I know everyone is going to hate this as an answer…
'Retaliation' can work well, but only if you can use what appears to be like for like. It works for next-door neighbours or even ones below if the noise source is music or TV etc, but not ones above you. You can't walk on your ceiling, or even convincingly recreate the effect. Because of this, it never feels 'accidental' it's always going to be overtly confrontational.

It works best if you haven't ever spoken to them before, as it gives chance for it to just crop up in conversation - 'ohh, aren't the walls thin' yada yada.
It can all be explained as 'accidental', lack of realisation of how much the sound travels between the two properties.

If it comes across as actual retaliation, it doesn't work. It just puts you into a fight. If you've approached them first & got short shrift, you've already exhausted all your non-confrontational options. If you hit that stage, diplomacy is out. No-one wins, everybody loses.
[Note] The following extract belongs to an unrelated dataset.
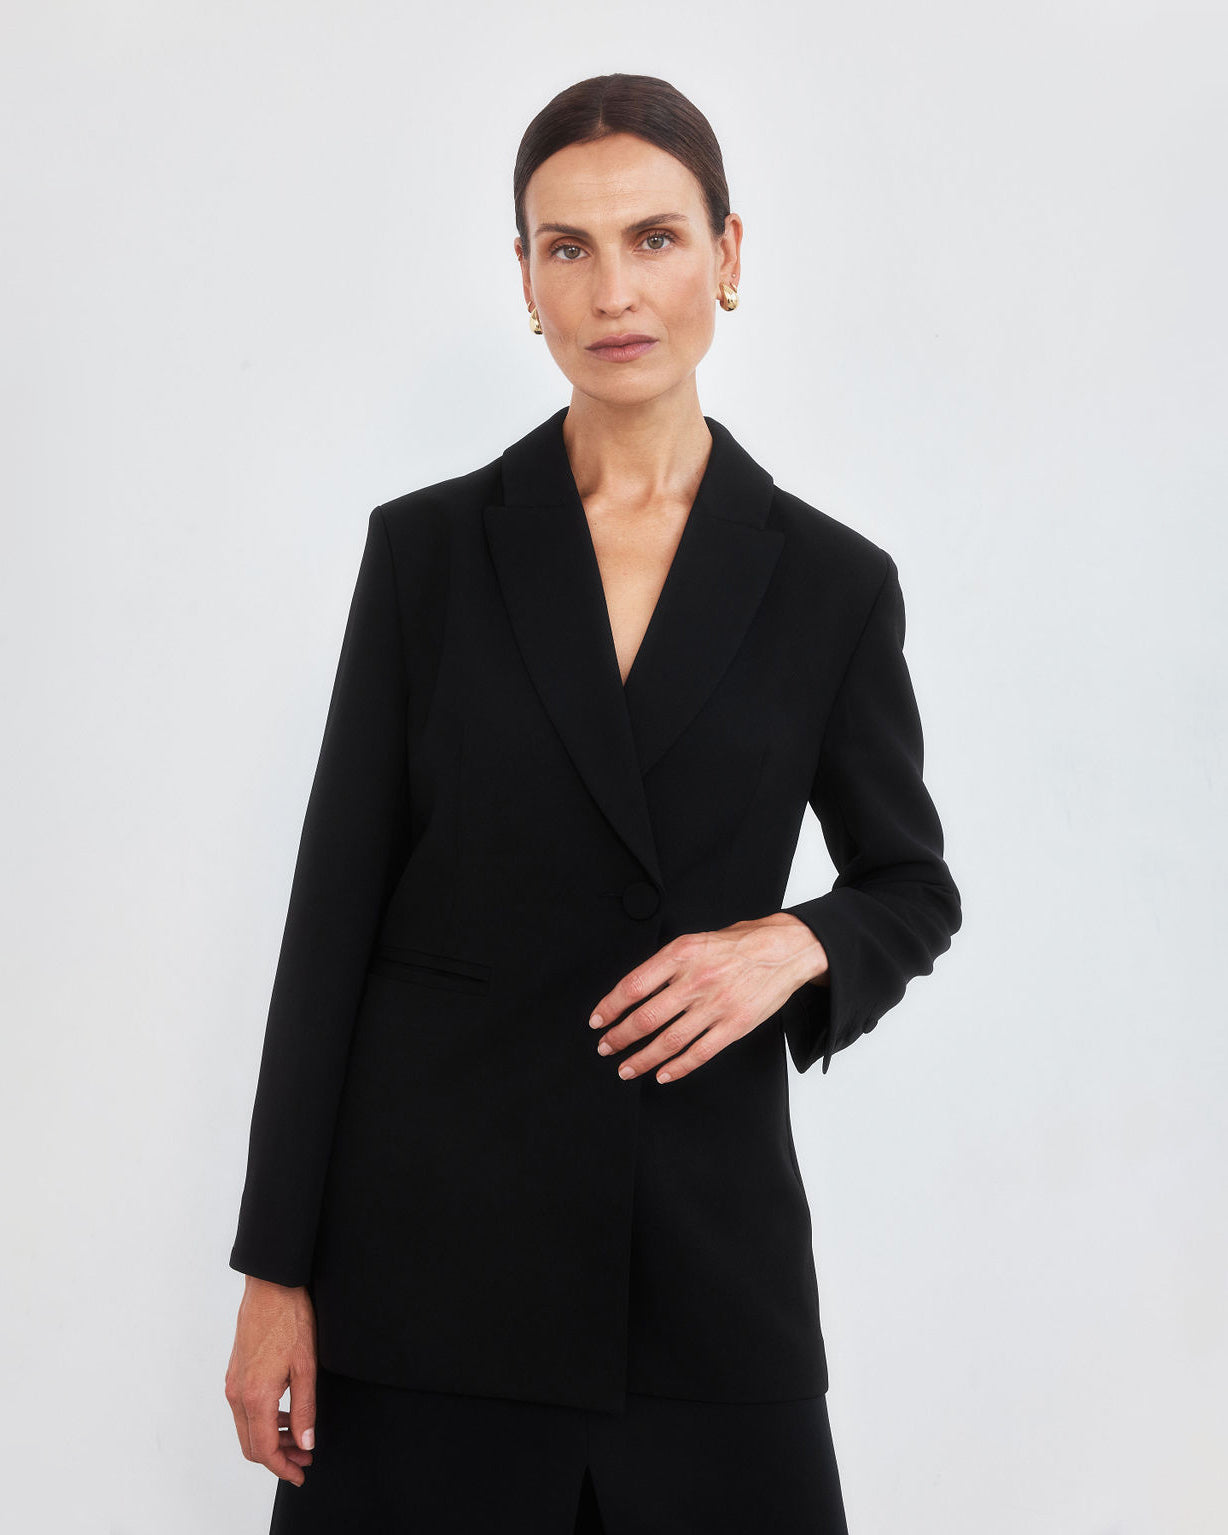 Middle aged women with brown pulled back hair holding the waist of a tailored black blazer

I've been doing this on & off with varying degrees of 'force' needed for 30 years. Next door is usually short lease, so people come & go every 6 months or year. Most people are unaware of how much noise they make. It doesn't really bother me if they're doing it during social hours, but if they frequently come home at 3am with all their friends & put the hifi on full tilt, things change…

Of course, being a sound engineer with access to some rather powerful speakers helps. I can also construct soundfields that only consist of low frequencies; which I add to a player on a timer.
I've never had to do this twice to the same noisy tenant; though one was slow on the uptake & took two weeks to learn.

btw - my situation is rather different to perhaps most. The apartments in question have no commonality except for this wall. Different properties, different owners; so there's no landlord to complain to [or at least not without some legal searches to discover the actual owner of next door.]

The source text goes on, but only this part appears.